#### Supplied data

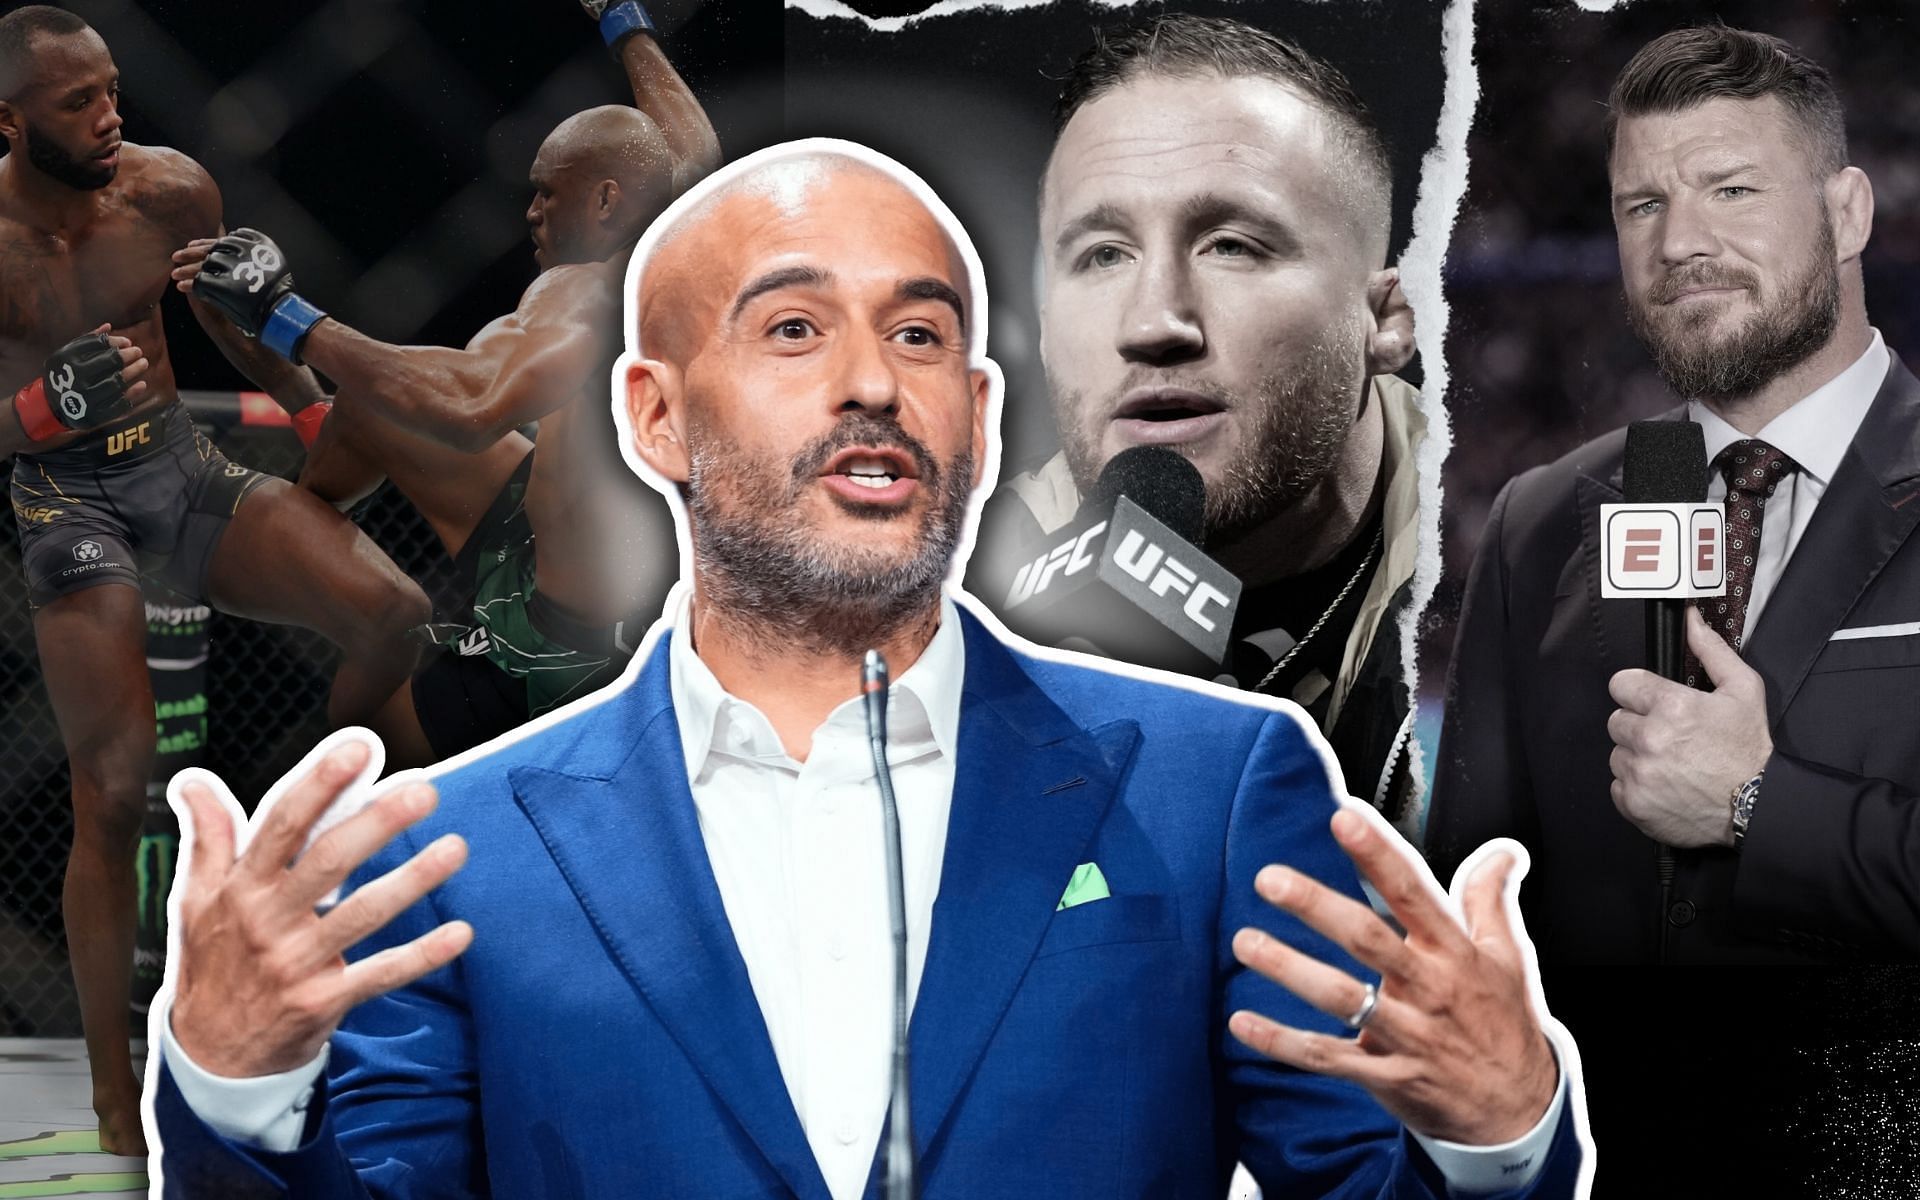 Jon Anik comes out in defense of Michael Bisping after Justin Gaethje
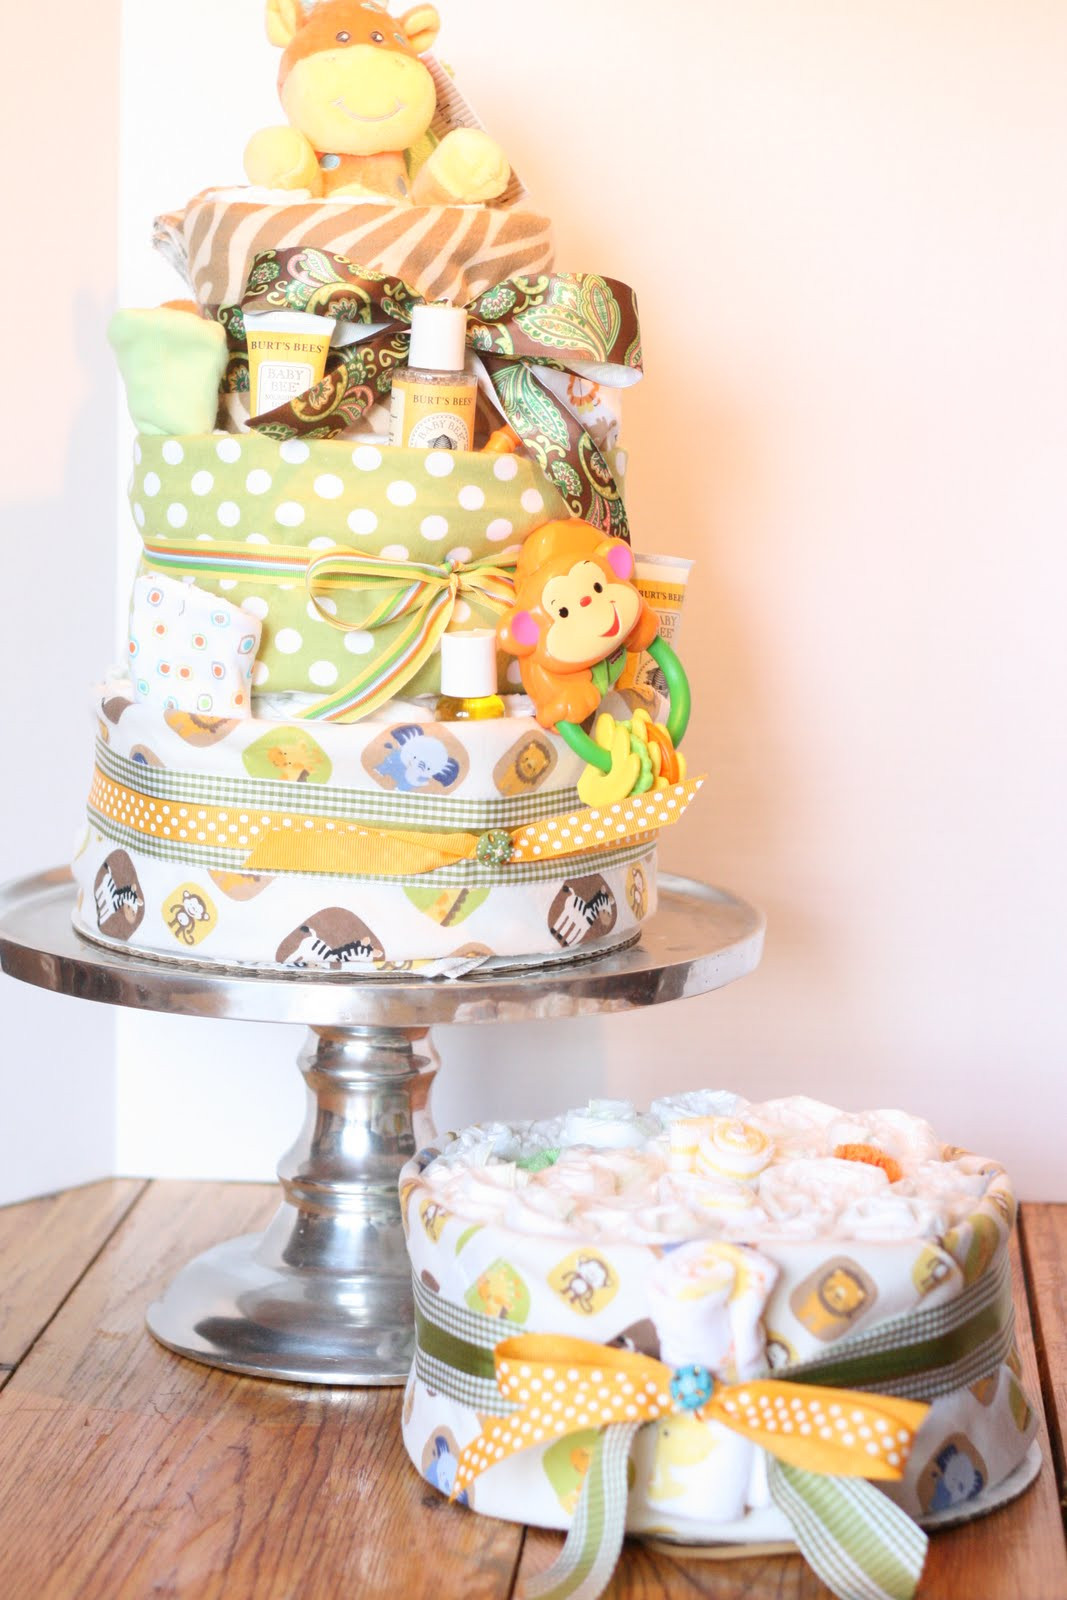 DIY Baby Shower Diaper Cakes
 A Little Junk In My Trunk How to Make a Diaper Cake
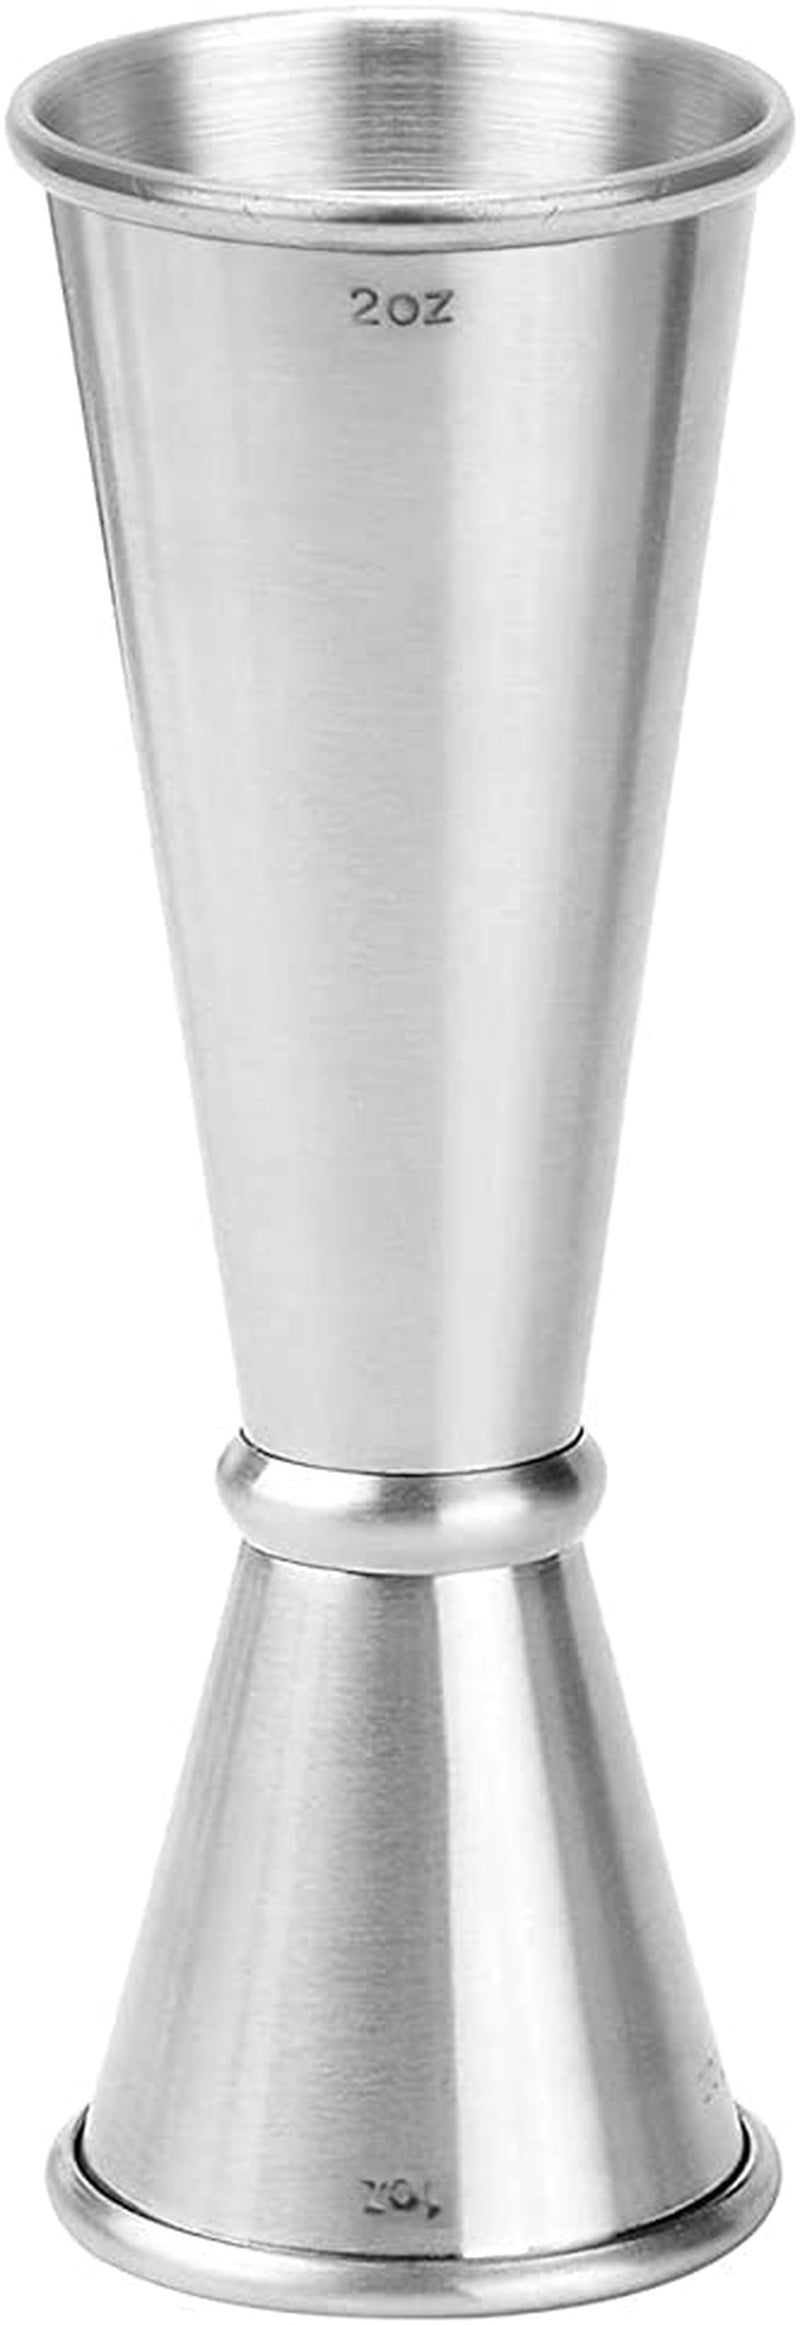 Cocktail Jigger for Bartending - Japanese Double Sided Jigger with Measurements Inside, 2 Oz 1 Oz Stainless Steel Measuring Jigger Home & Garden > Kitchen & Dining > Barware Barfroee

########

Work item - Leave the pictures aside and print exactly, and only, the lines from the one with "A Little Junk" through the end of the data, both included.

Response to this exercise -
 A Little Junk In My Trunk How to Make a Diaper Cake
 Cocktail Jigger for Bartending - Japanese Double Sided Jigger with Measurements Inside, 2 Oz 1 Oz Stainless Steel Measuring Jigger Home & Garden > Kitchen & Dining > Barware Barfroee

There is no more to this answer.